> _Information_:
==================================================
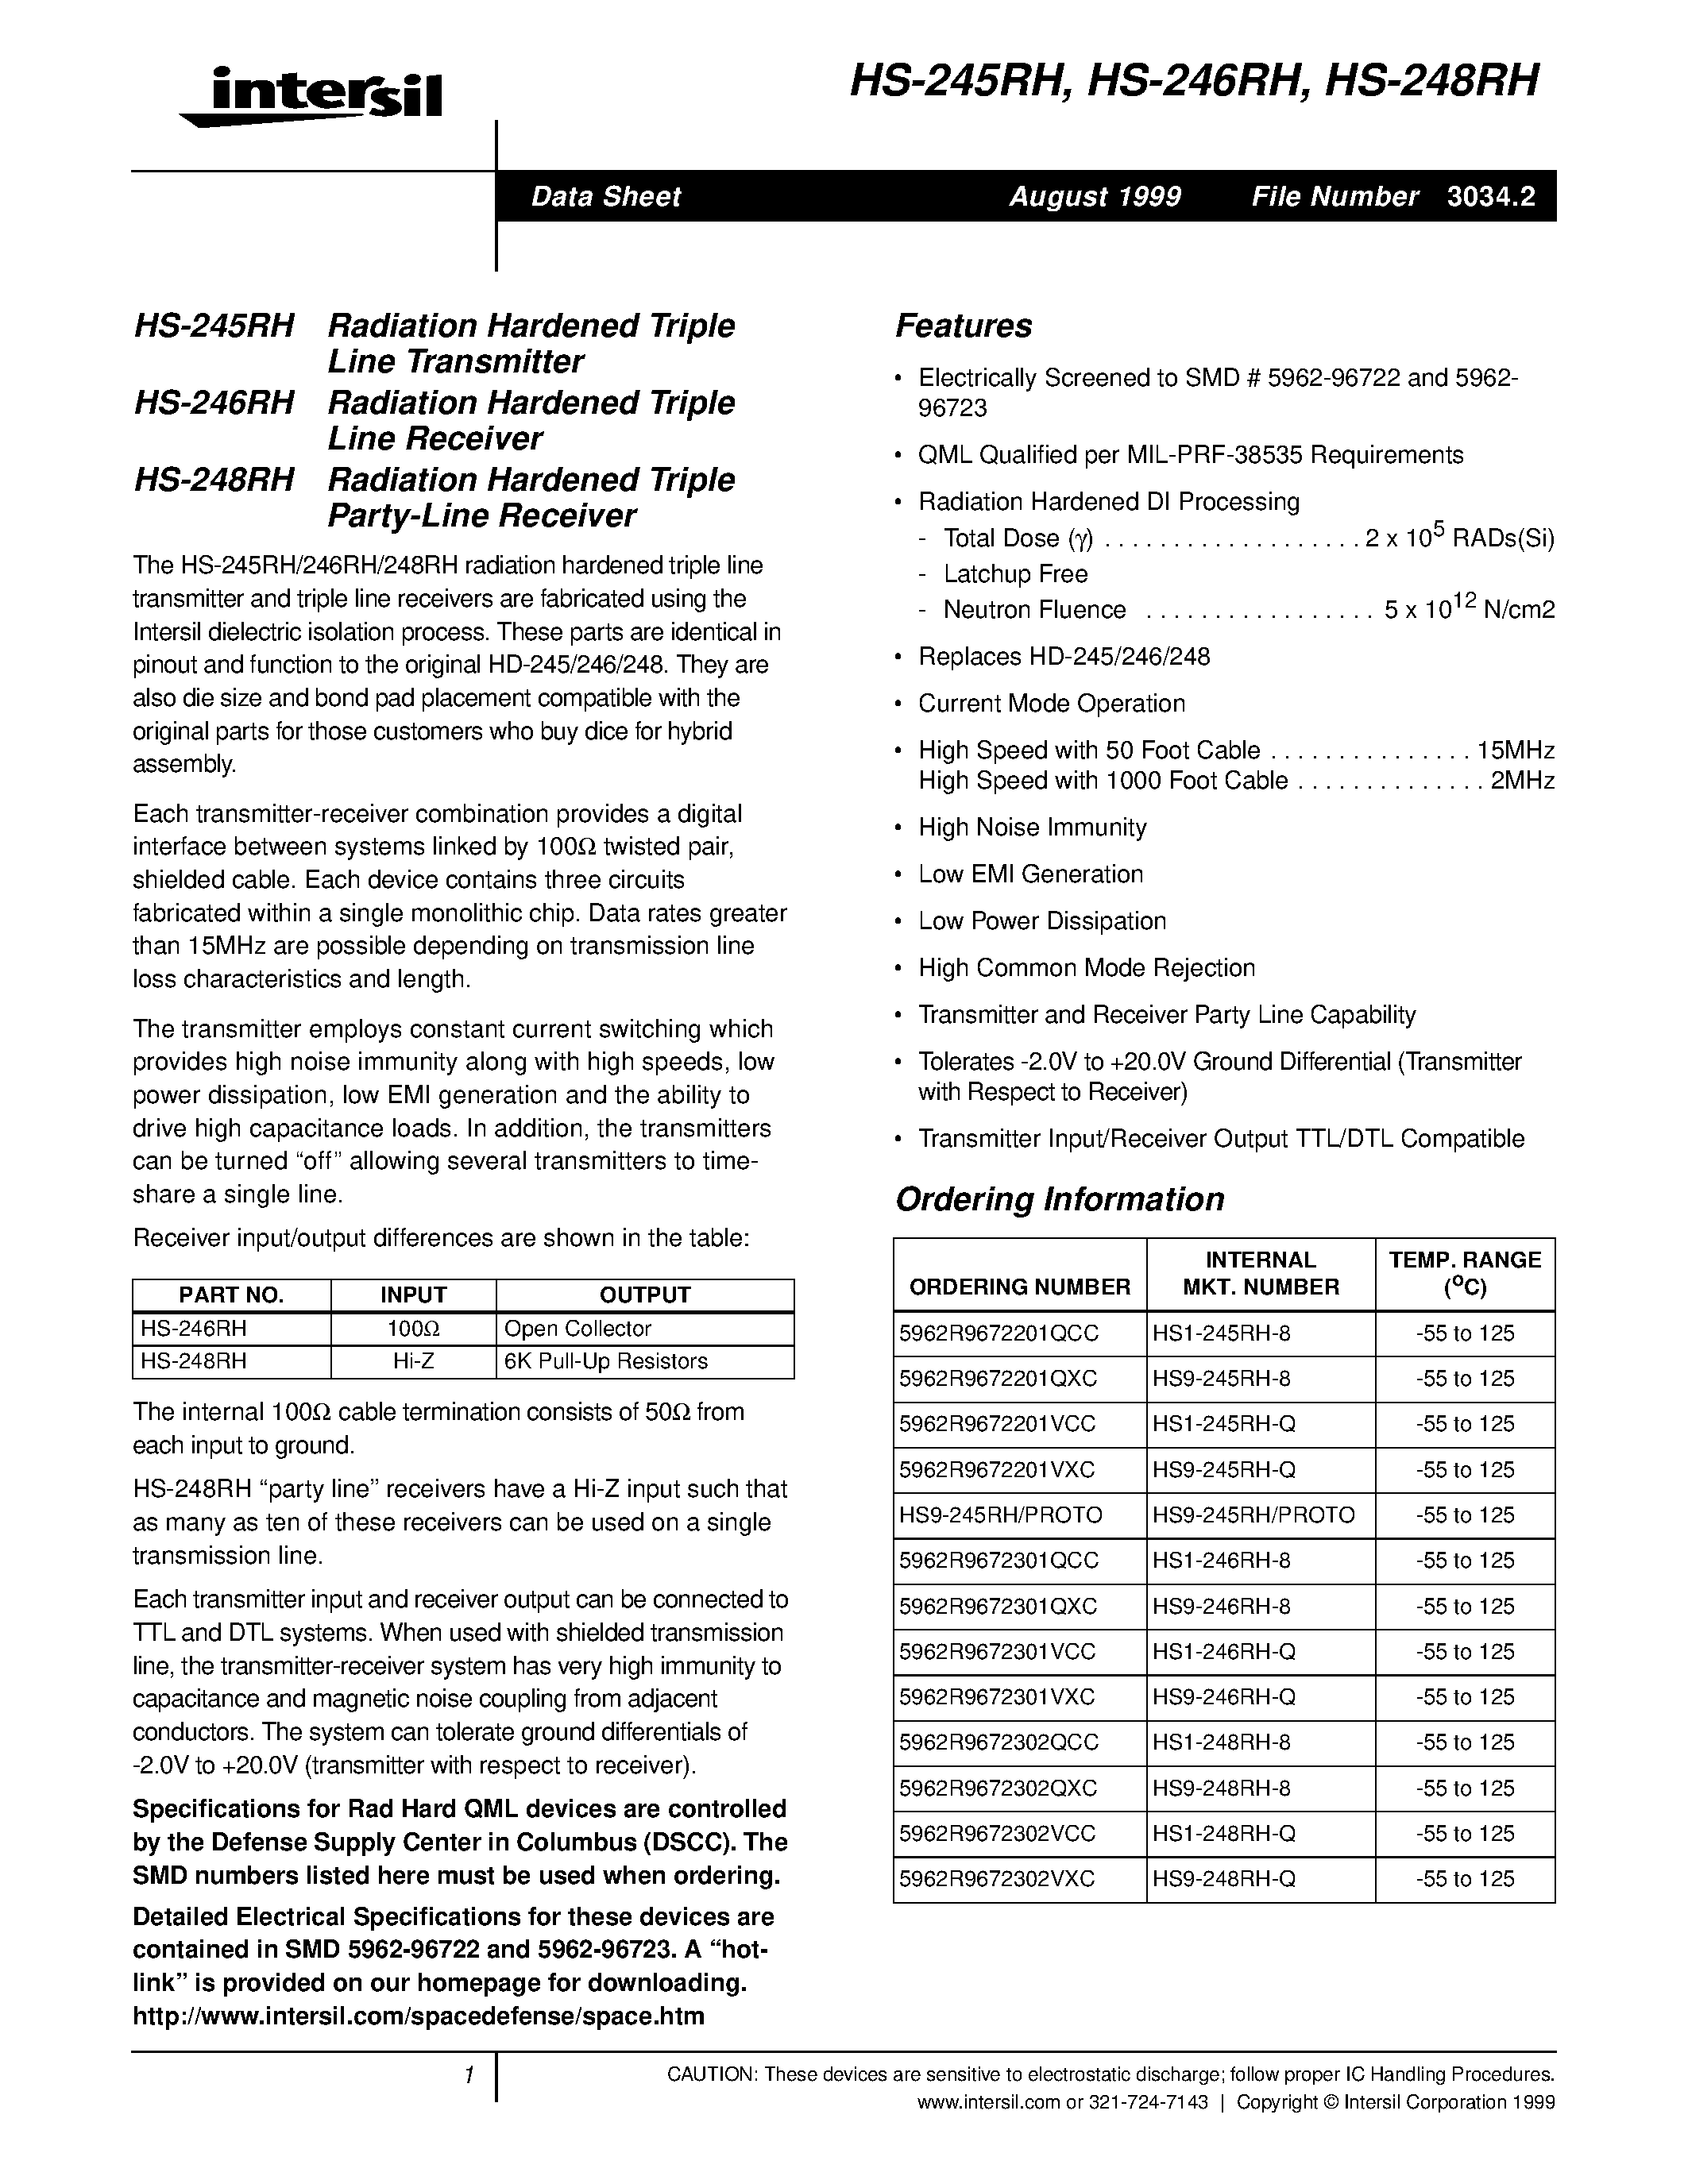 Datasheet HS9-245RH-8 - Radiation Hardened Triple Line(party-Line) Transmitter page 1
==================================================
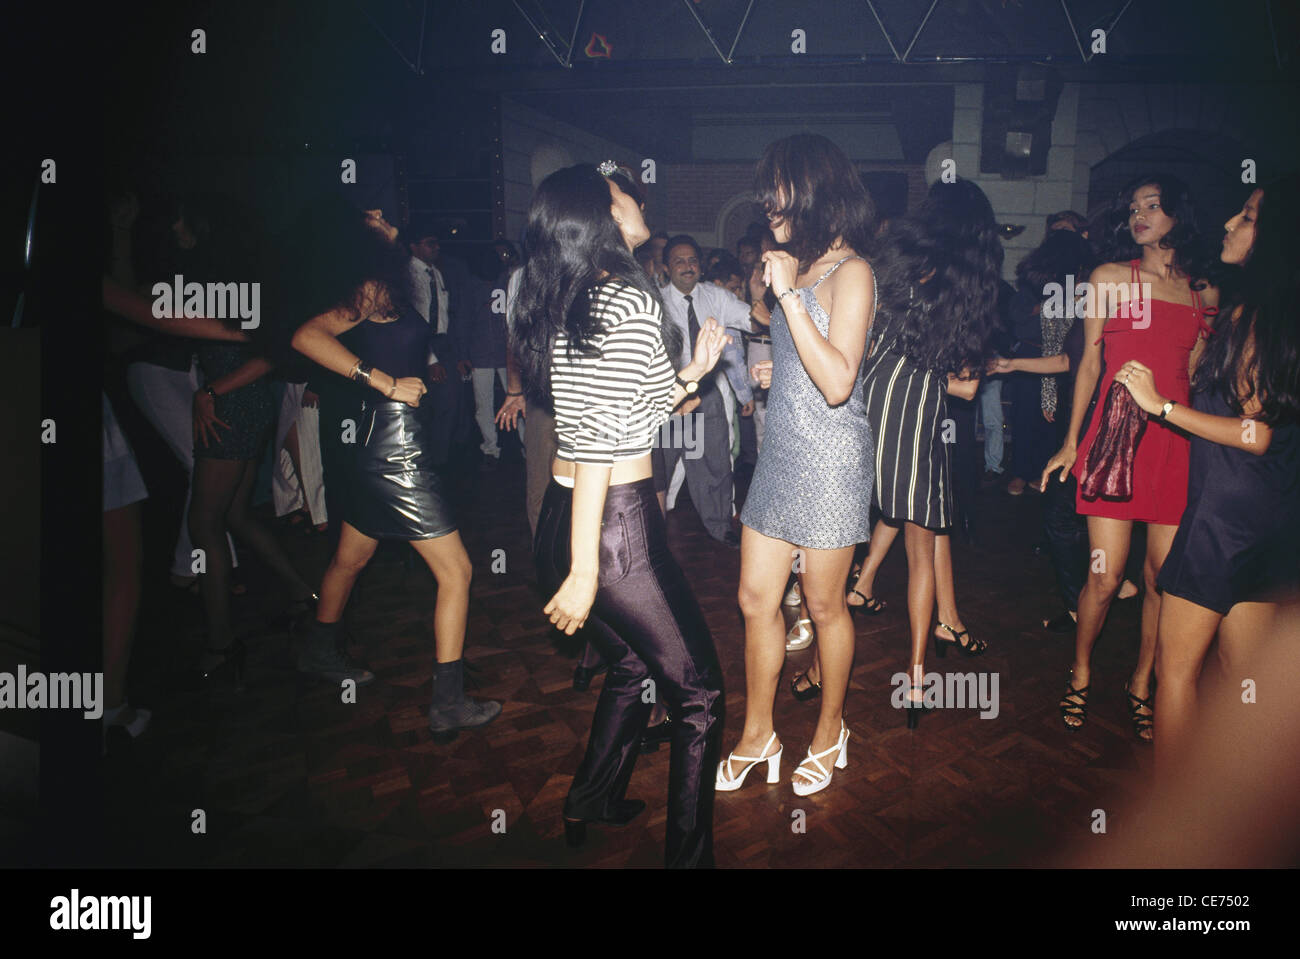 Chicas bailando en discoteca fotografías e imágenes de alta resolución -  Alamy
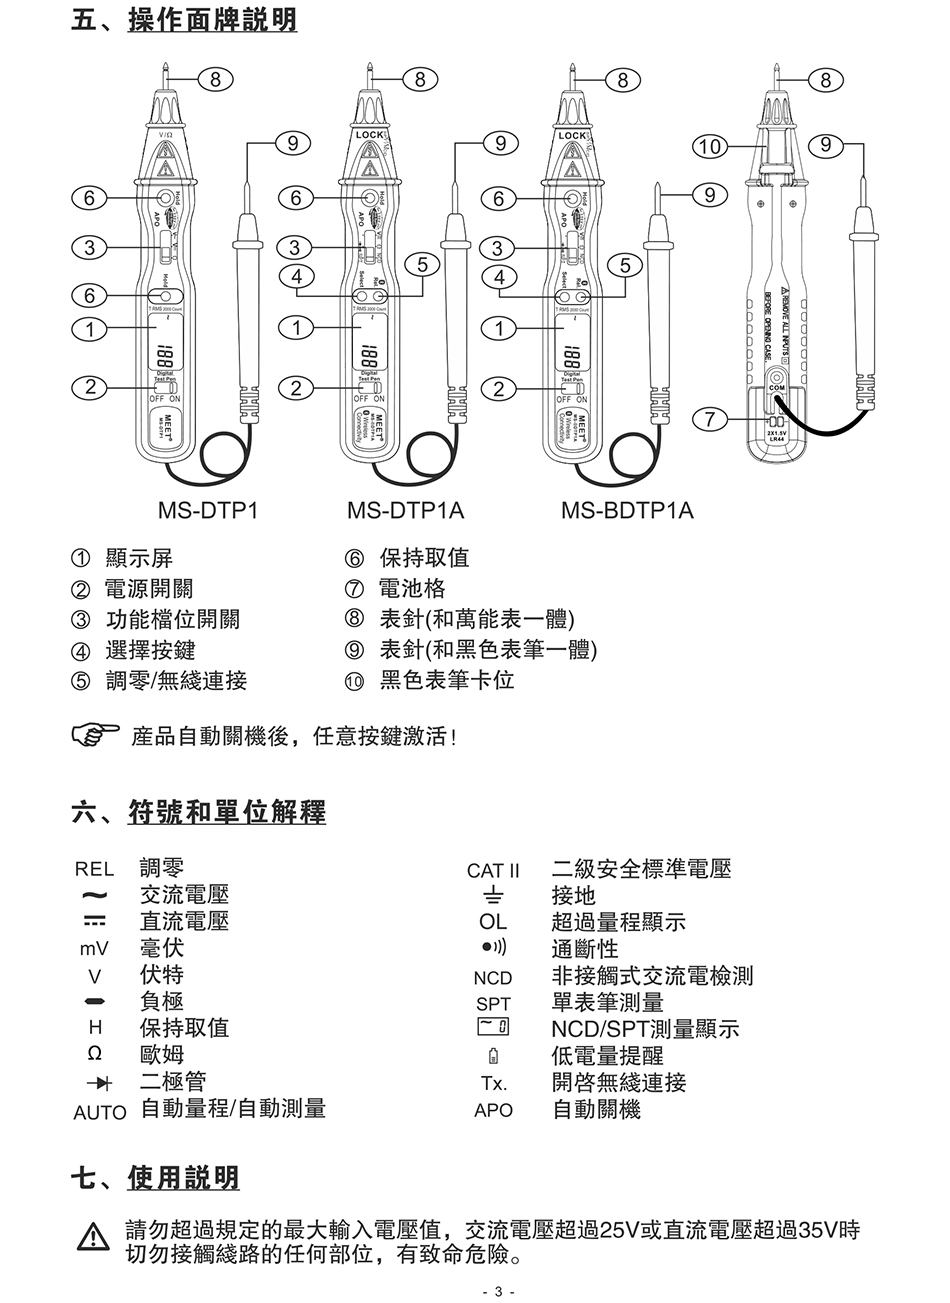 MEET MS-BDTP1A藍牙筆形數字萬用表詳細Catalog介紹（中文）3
==================================================
> _Work order_: From the data above, return only the lines starting at the line that holds "Chicas bailando en" and ending at the line that holds "MEET MS-BDTP1A藍牙筆形數字萬用表詳細Catalog介紹（中文）3", word for word and without pictures.

> _Exercise output_:
 Chicas bailando en discoteca fotografías e imágenes de alta resolución -  Alamy
 MEET MS-BDTP1A藍牙筆形數字萬用表詳細Catalog介紹（中文）3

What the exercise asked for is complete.